New changes to holiday accrual and pay, record keeping and TUPE consultations in force from 1 January 2024
The government has published its response to the consultation on calculating holiday entitlement for part-year and irregular hours workers and a separate consultation on reforming retained EU employment law. It has also published The Employment Rights (Amendment, Revocation and Transitional Provision) Regulations 2023 (new regulations) which will bring these changes into law, in most cases, from Monday 1 January 2024.
We will be publishing detailed guidance on the new regulations next week, but for now, here are the headlines:
Employers will be able to roll up holiday pay - but only for some categories of workers
Employers with holiday years from 1 April 2024 will be able to roll up holiday pay for irregular hours or part-year workers (which it defines) as long as:
- their holiday pay is calculated at 12.07% of their pay and is paid at the same time as their ordinary pay; and
- the amount of holiday pay is itemised separately on their payslips
Normal pay will be defined to include overtime, commission and other payments
The Government has decided not to create a single pot of 5.6 weeks’ annual leave. Instead, it will maintain the two pots of four weeks’ EU- derived annual leave (Regulation 13) and 1.6 weeks’ domestic leave (Regulation 13A). Employers must continue to pay EU-derived leave at a worker’s normal rate of pay, but can reduce it to basic pay for the remaining domestic leave.
The new regulations codify the existing caselaw and amend the law to make it clear that the following payments must be included in the four weeks of leave set out under S13 as follows:
- payments, including commission payments, which are intrinsically linked to the performance of tasks which the worker is obliged to carry out under the terms of their contract
- payments for professional or personal status relating to length of service, seniority or professional qualifications
- other payments, such as overtime payments, which have been regularly paid to the worker in the last 52 weeks
New accrual system for part-year and casual staff accrue leave to reflect the number of hours worked
The new regulations will introduce an accrual method for irregular and part-year workers.
For holiday years from 1 April 2024, a worker's holiday entitlement will be calculated at 12.07% of hours worked in a pay period (how often they are paid) and will apply in the first year of employment and beyond.

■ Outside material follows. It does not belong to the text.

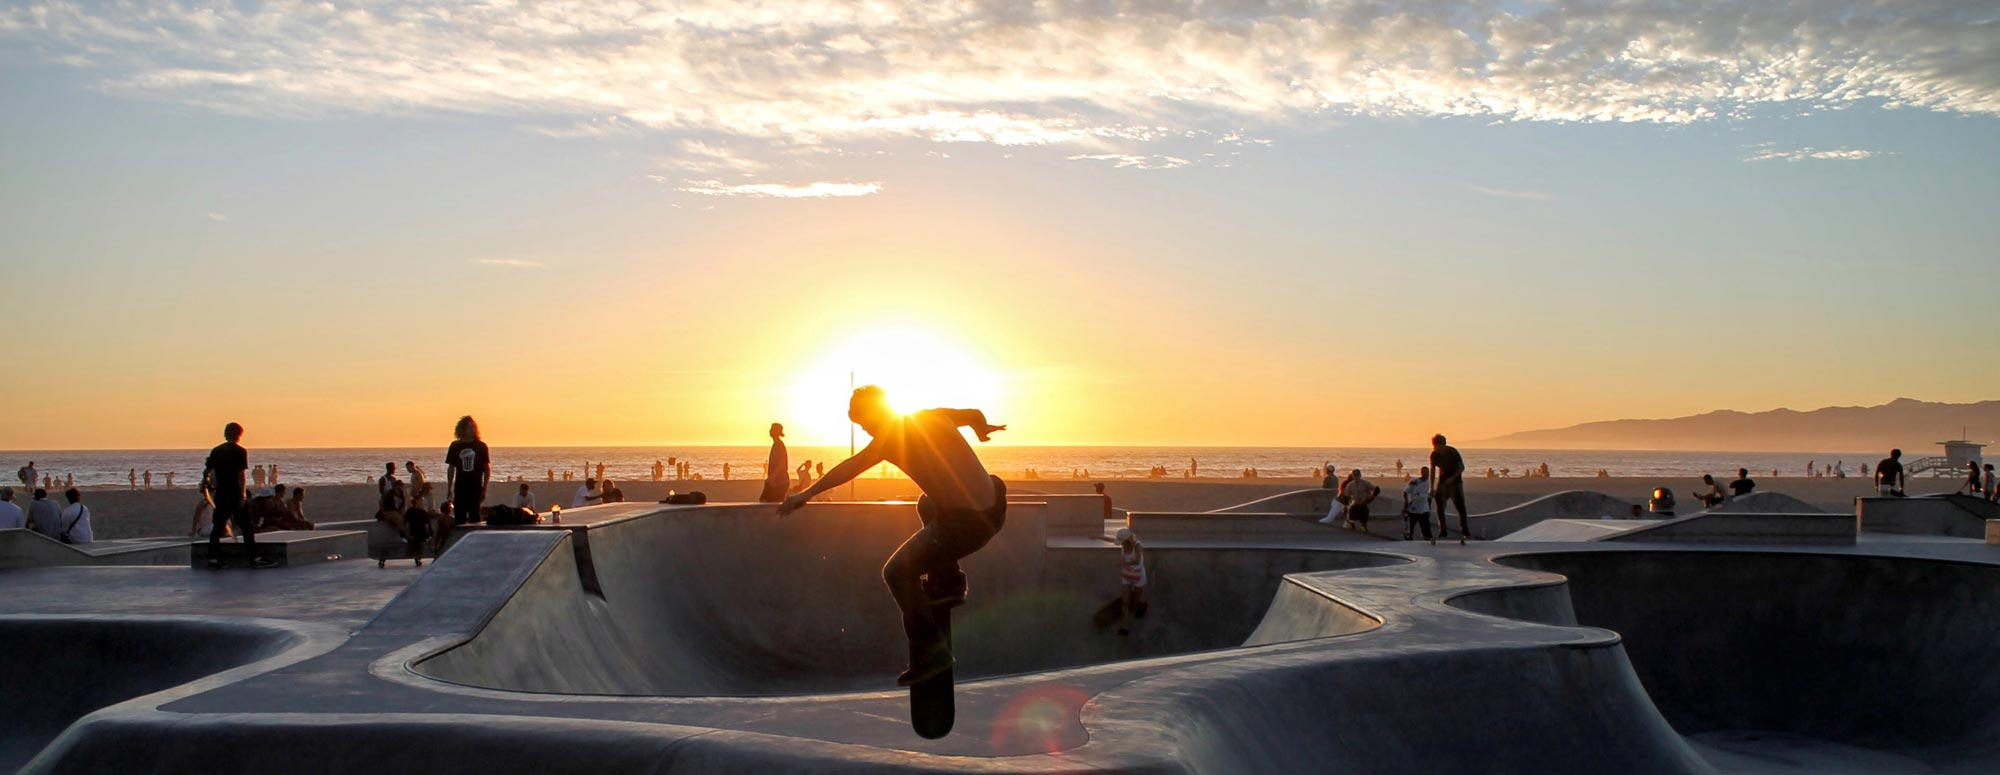 slide 3 skateboards

This will override the Supreme Court's decision in Brazel v Harpur Trust which decided that part-year workers engaged under permanent or continuous contracts must receive at least 5.6 weeks paid holiday a year, even if they only worked for part of that year.
Other workers will continue to accrue annual leave in their first year of employment as they do now by receiving 1/12th of the statutory entitlement on the first day of each month and to pro-rate it thereafter.
Clarity over when workers can carry over holiday from one leave year to the next
The new regulations also, for the first time, set out when a worker can carry over leave from one year to another and reflect decisions of the ECJ and other UK courts.
Workers can carry over leave if they:
- have not been able to take it because their employer doesn't accept they have the right to paid leave (because, for example, they have been wrongly treated as self-employed)
- have not had a reasonable opportunity to take it
- aren't told by their employer that if they don't take leave by the end of the leave year, they will lose it
- are too ill to take it
- are unable to take it because they are on different type of leave such as maternity, shared parental leave or adoption leave
The regulations set out how much leave can be carried over and whether it can be rolled over into subsequent leave years.
Changes to record keeping
The new regulations require employers to keep ‘adequate’ records to demonstrate they have complied with the WTR's in respect of the maximum working week, working time for young workers, night work, health assessments and the transfer of night work to day work.
TUPE consultations
Businesses with fewer than 50 employees, and businesses of any size carrying out a small TUPE transfer of fewer than 10 employees, will be able to inform and consult directly with affected employees where there are no existing worker representatives in place.